> **Data extract**:
>>>>
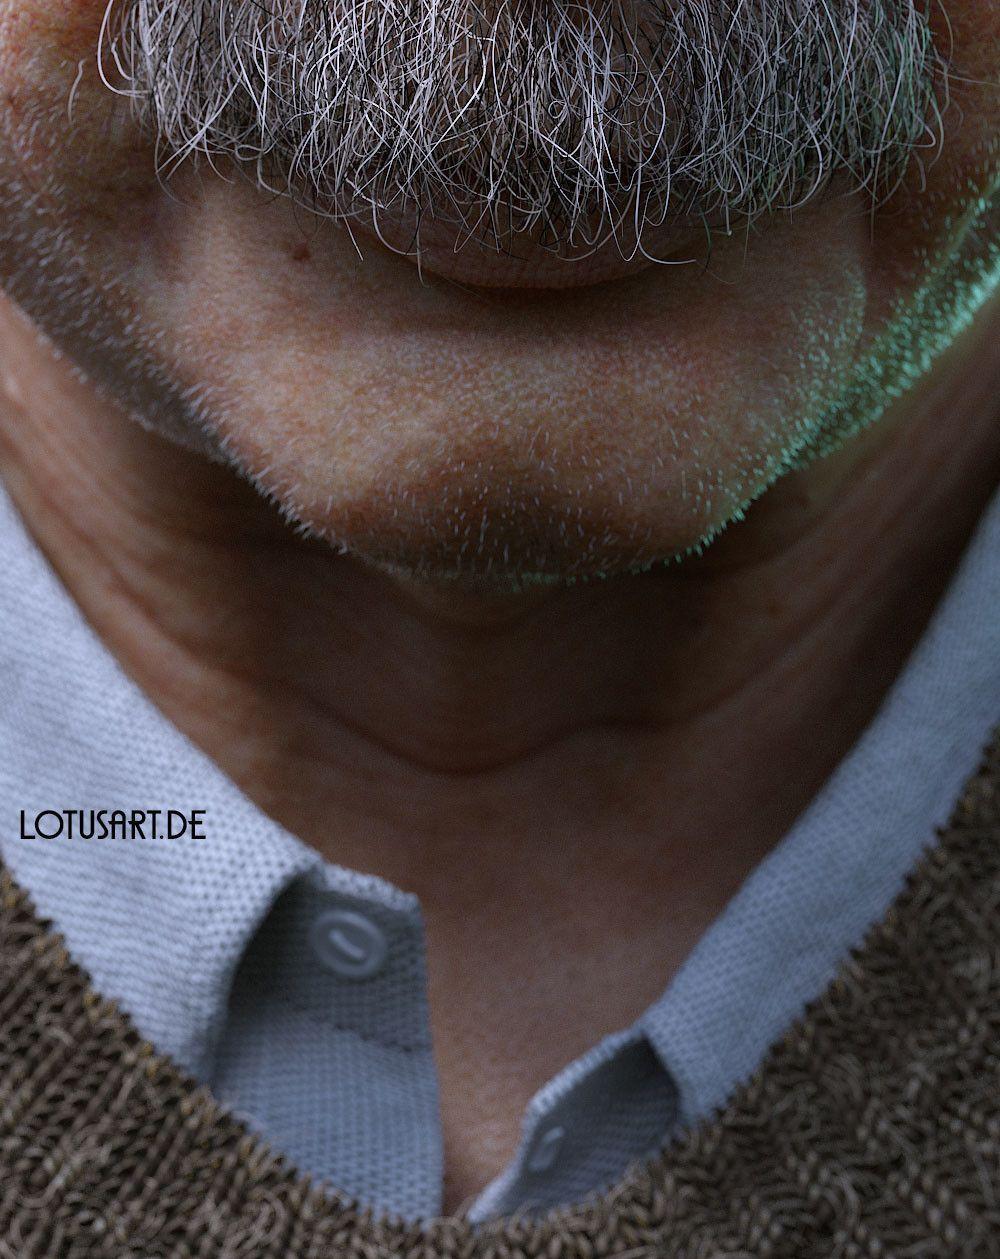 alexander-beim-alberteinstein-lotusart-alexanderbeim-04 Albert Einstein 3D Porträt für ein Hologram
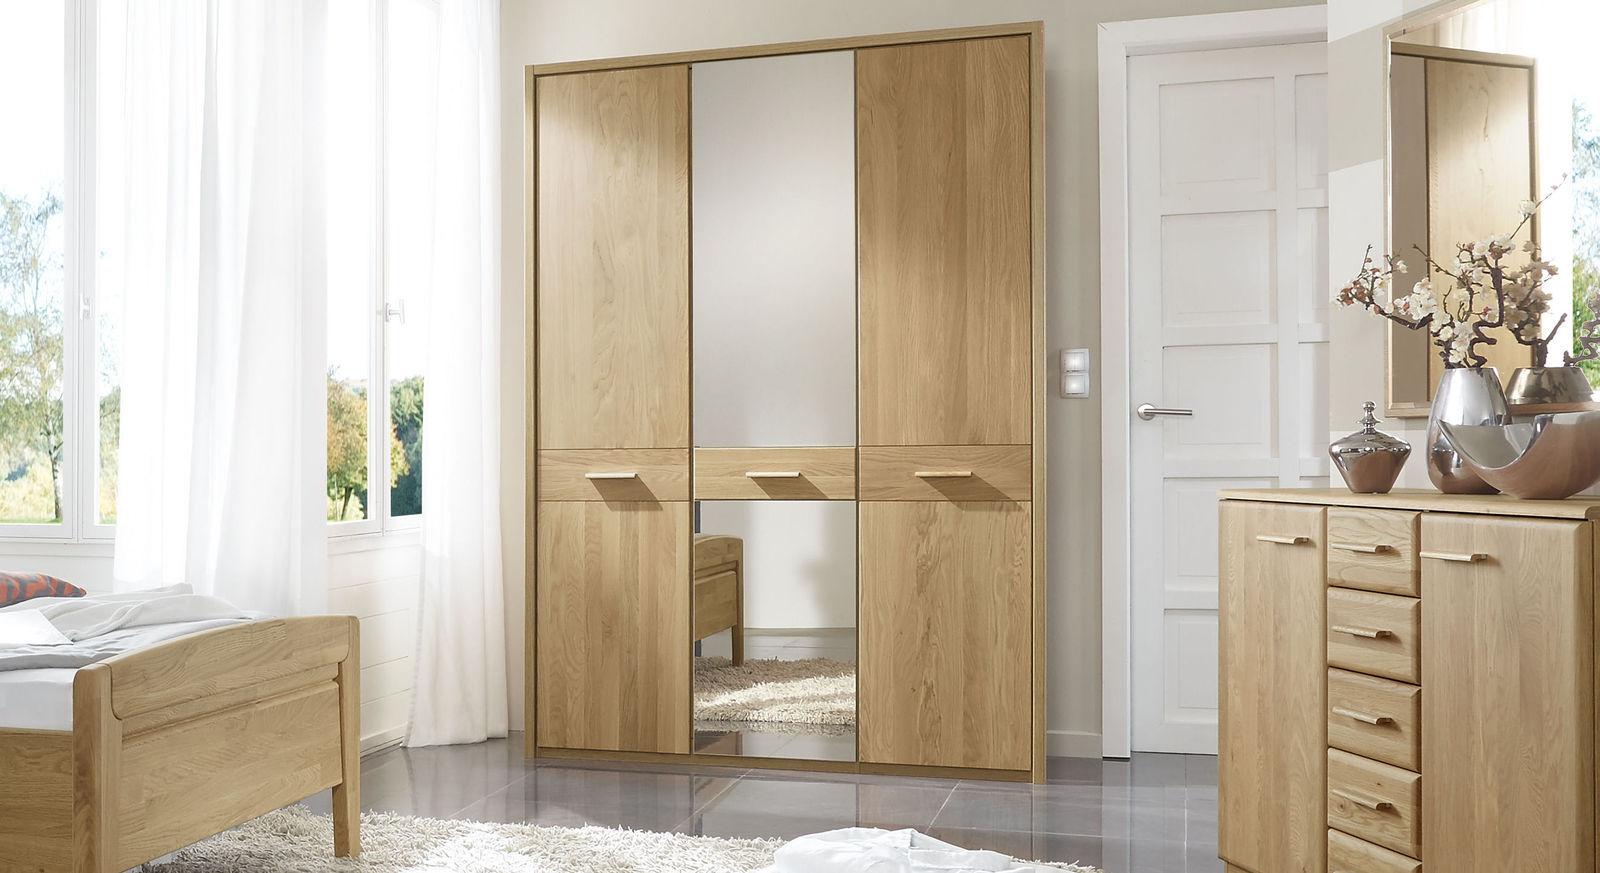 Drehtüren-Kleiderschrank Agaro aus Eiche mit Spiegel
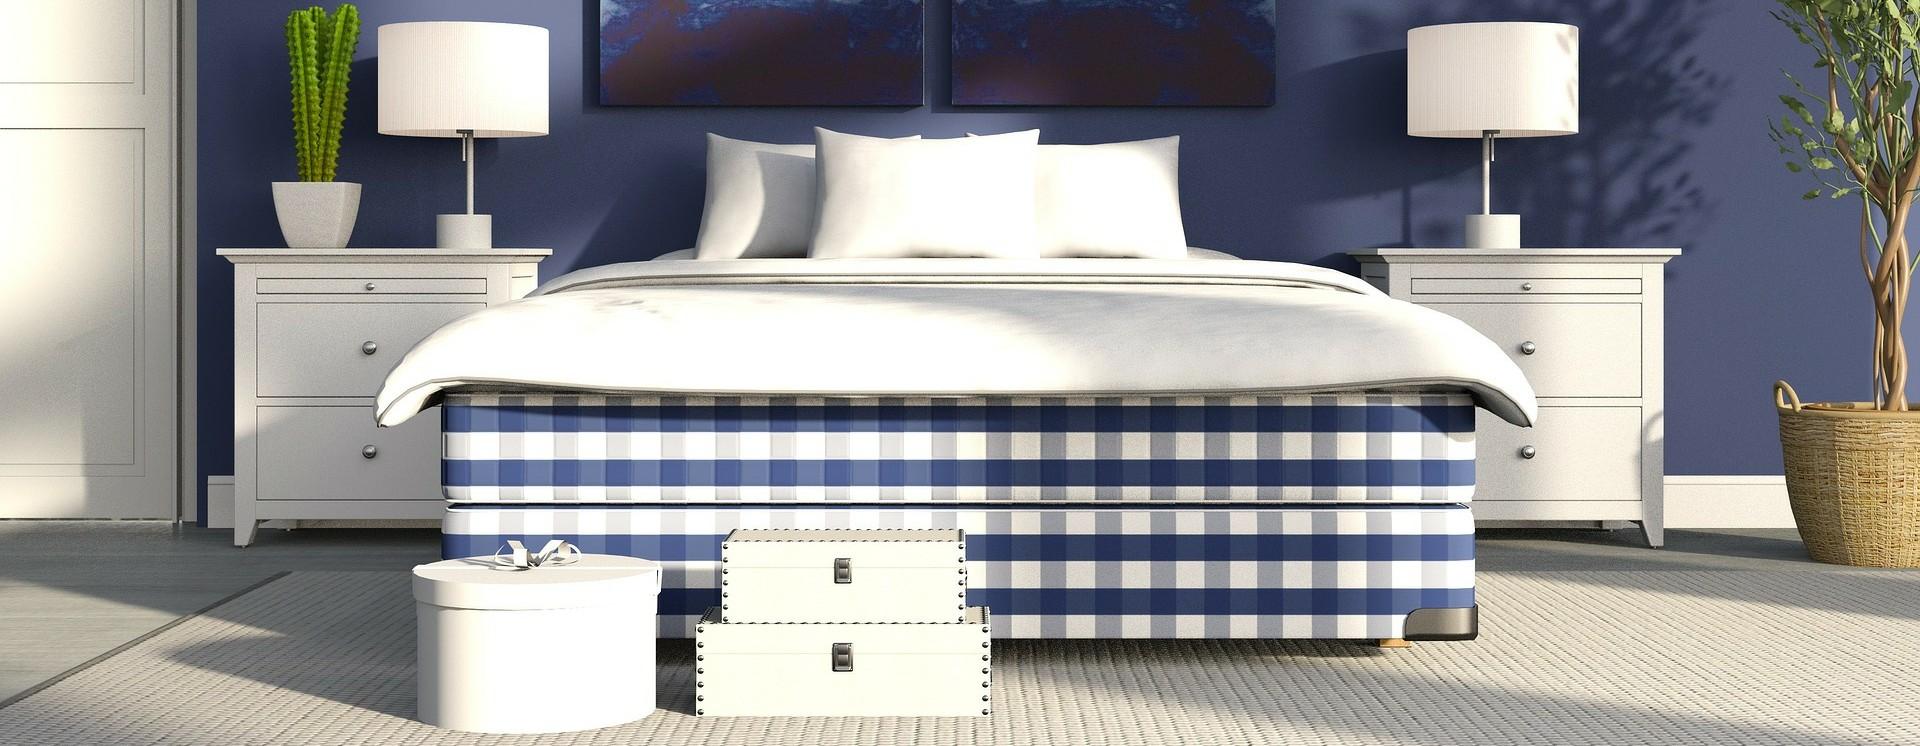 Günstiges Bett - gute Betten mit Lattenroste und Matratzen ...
<<<<
> **What to do**: Write out the data word for word. Any picture is to be skipped.

> **Exercise answer**:
 alexander-beim-alberteinstein-lotusart-alexanderbeim-04 Albert Einstein 3D Porträt für ein Hologram
 Drehtüren-Kleiderschrank Agaro aus Eiche mit Spiegel
 Günstiges Bett - gute Betten mit Lattenroste und Matratzen ...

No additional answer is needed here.